In additional to dismissal pursuant to the Sixth Amendment, Defendant also seeks dismissal pursuant to Federal Rule of Criminal Procedure 48(b). Under Rule 48(b)(3), a court may dismiss an indictment "if unnecessary delay occurs in . . . bringing a defendant to trial." Under the rule, a court has broad discretion in determining whether to dismiss an indictment but "dismissal is mandatory only if the defendant's constitutional rights have been violated." U.S. v. Knight, 562 F.3d 1314, 1324 (11th Cir. 2009) (quoting U.S. v. Butler, 792 F.2d 1528, 1533 (11th Cir. 1986)). As set out above, Defendant has established a violation of his Sixth Amendment right to a speedy trial, thus, requiring dismissal.

However, even if the Defendant had not established a violation of his Sixth Amendment right, under the circumstances presented in this case, the Court would exercise its discretion and grant the motion to dismiss pursuant to Rule 48(b). This is a simple case. As discussed, the government did not diligently attempt to find Defendant after the indictment issued. It took the government over seven years to find a man who was openly living in the same neighborhood for that entire period. During that time, the Defendant regularly saw friends and family, worked at a recording studio, got divorced, and regularly helped out at his girlfriend's mother's Little Haiti "restaurant," which served hundreds of people a day. He was not hiding; he was living his life. Yet, the government's search attempts remained unfruitful for over seven years. The government offers no explanation for why it took so long, other than Defendant was living a paperless life.

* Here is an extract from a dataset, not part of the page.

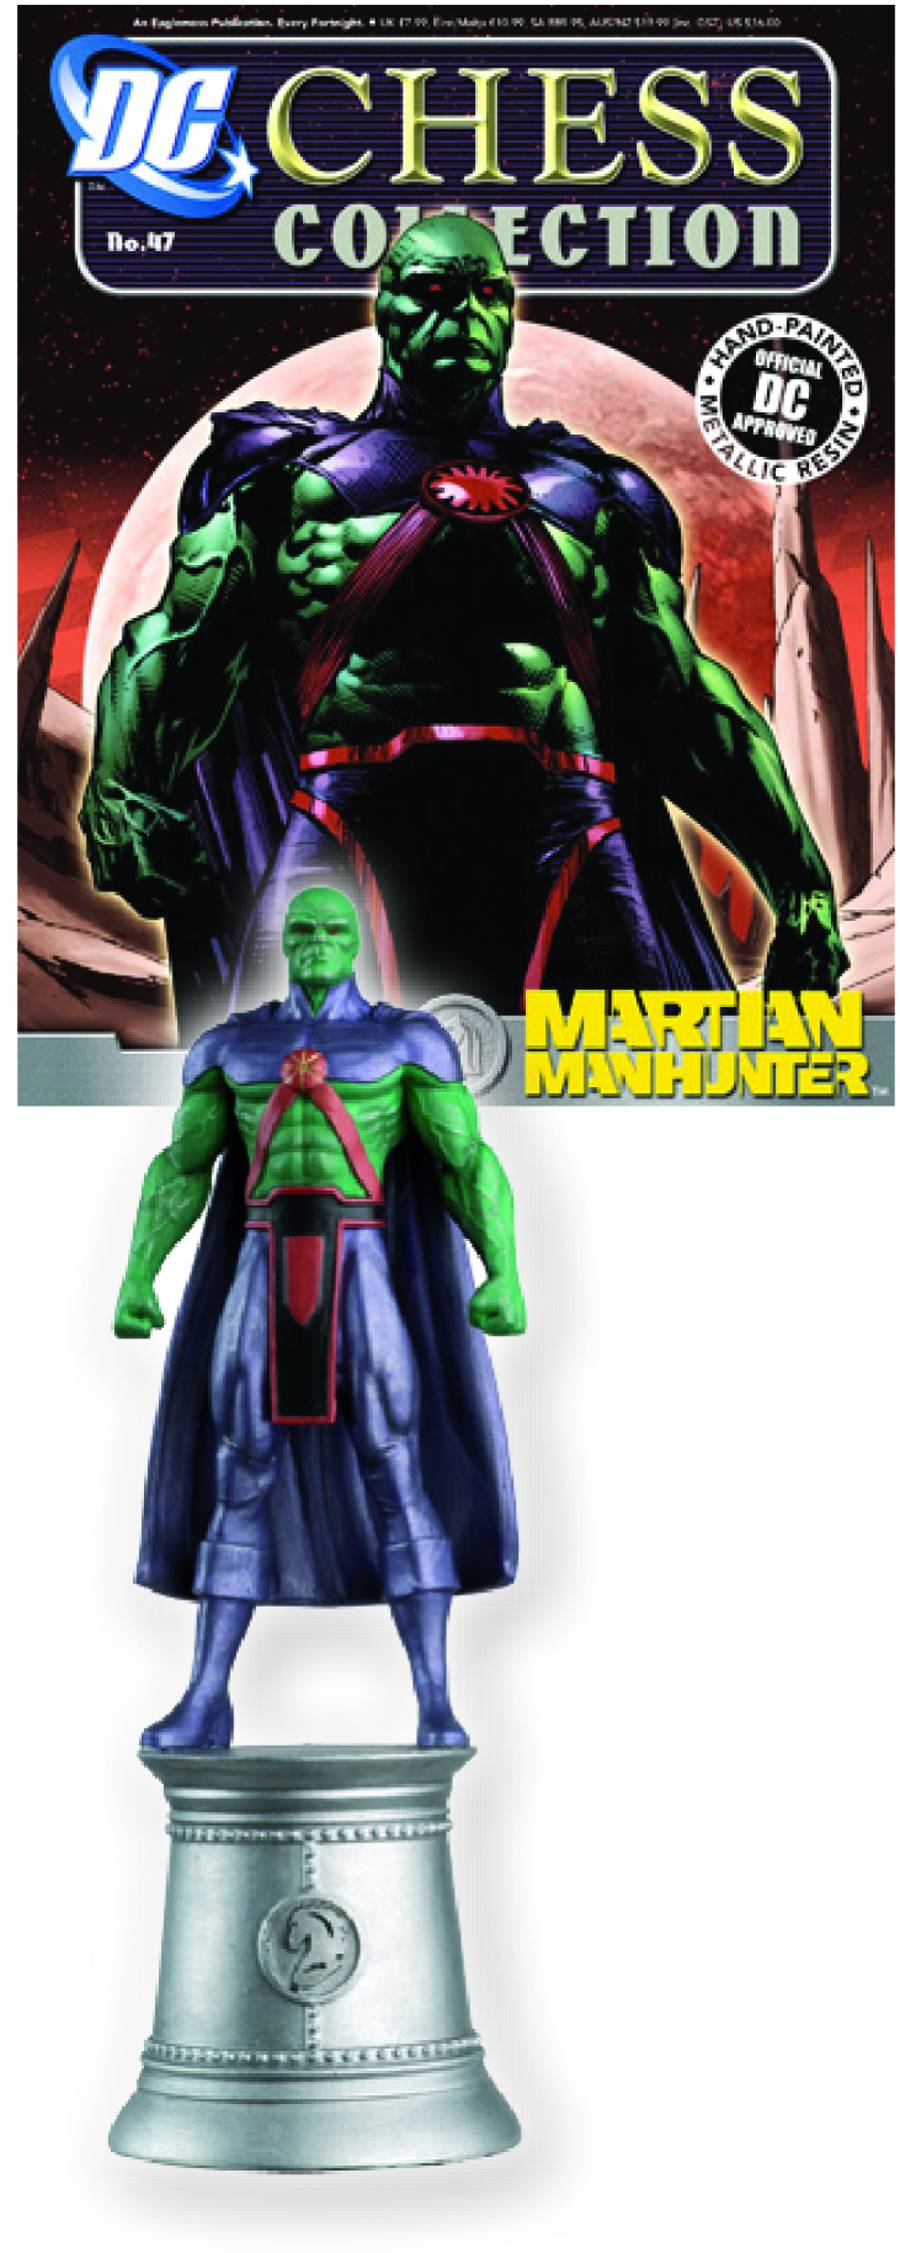 DC Superhero Chess Fig Collected Mag #47 Martian Manhunter White Knight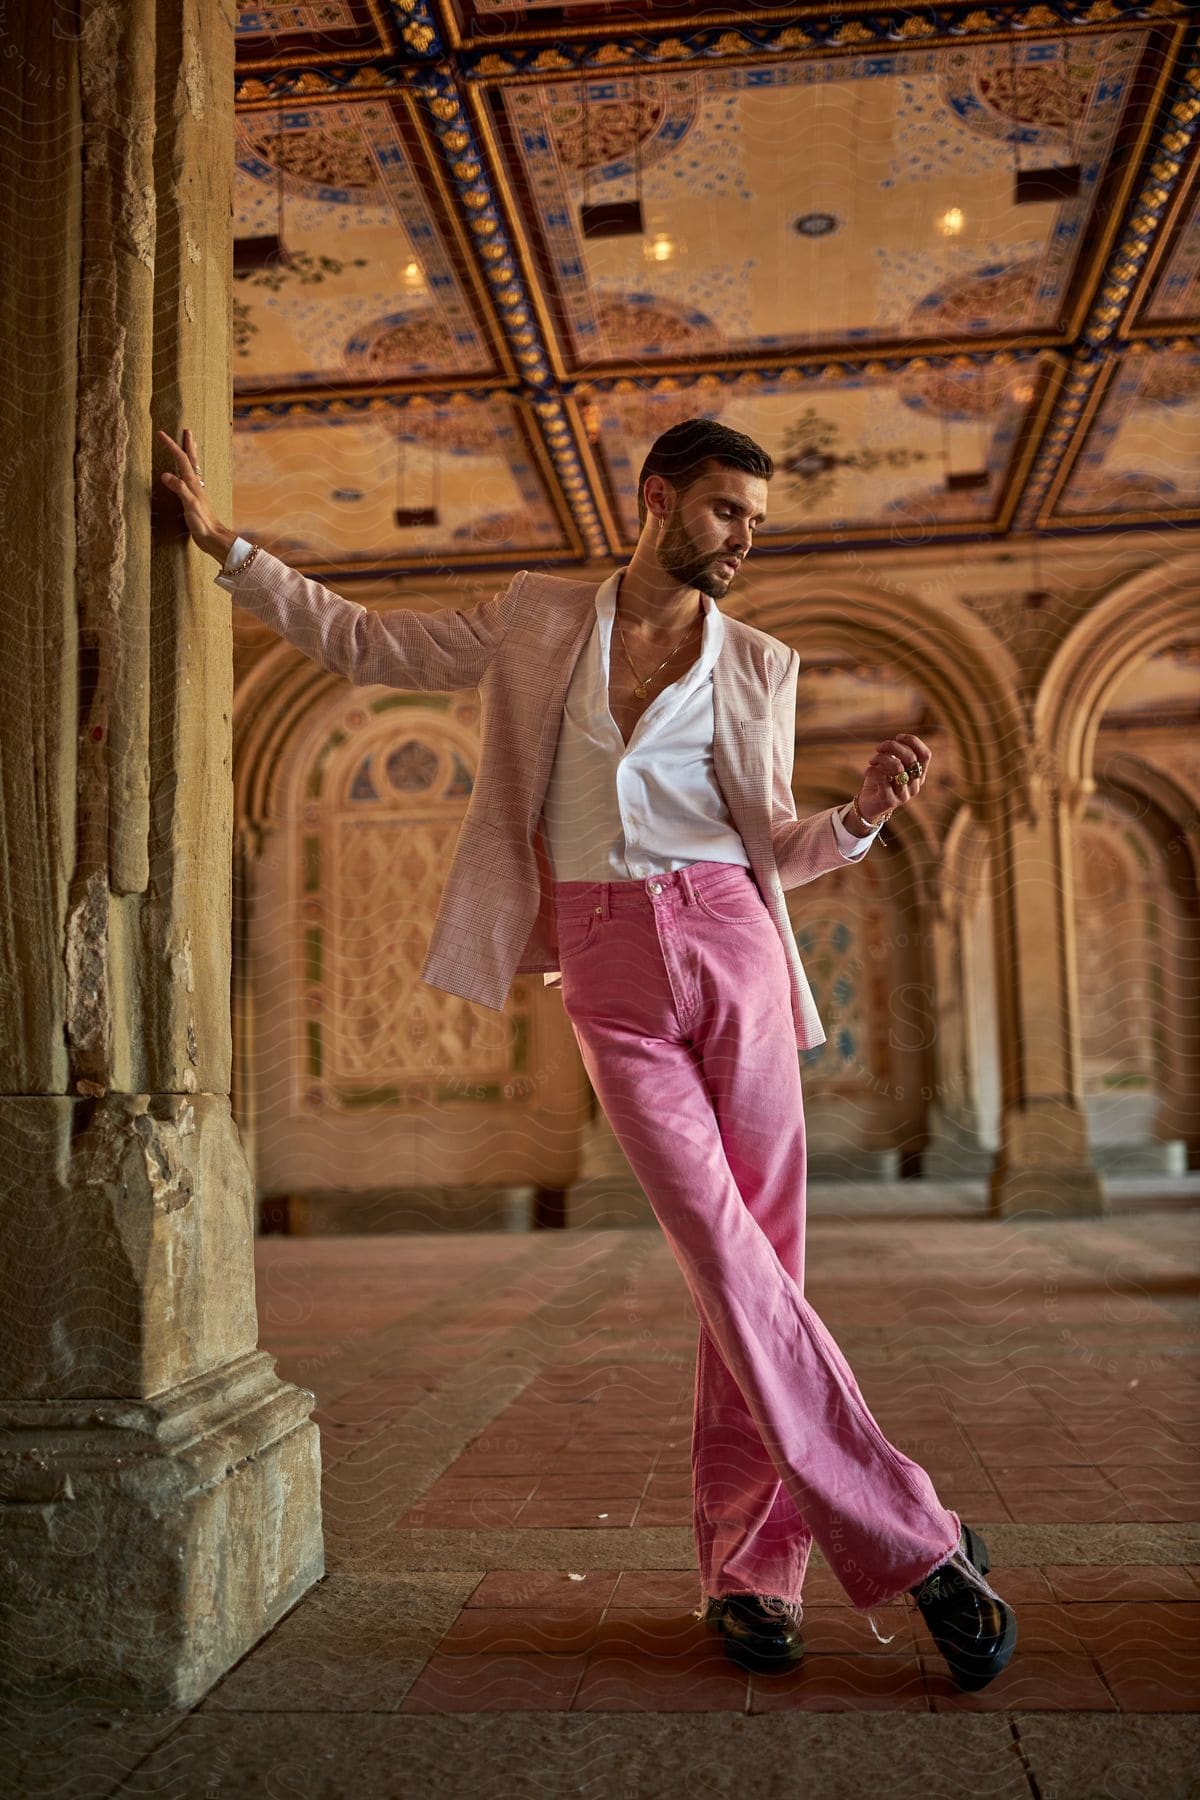 Man in pink trousers and beige blazer leaning against stone pillar, ornate ceiling overhead.

The government, however, did very little investigation during that time, other than sporadic computer database searches. Often there was no follow up in the field related to the results of those searches. Had the government conducted a more active investigation, it is highly likely that Defendant would have been found years earlier. Under these circumstances, the Court finds that there was an unnecessary delay in bringing Defendant to trial. Accordingly, the indictment is also dismissed pursuant to Rule 48(b).

Accordingly, it is hereby

ORDERED that Defendant's Motion to Dismiss Indictment for Violation of Speedy Trial [DE 18] is GRANTED. The indictment is DISMISSED and this case is CLOSED.

DONE and ORDERED.

FootNotes


1. The parties both focused on the delay between the issuance of the indictment and Defendant's arrest. However, a pre-indictment delay can also weigh heavily against the government. Oliva, 2018 WL 4443055 at *4 (citing US. v. Ingram, 446 F.3d 1332, 1339 (11th Cir. 2006)).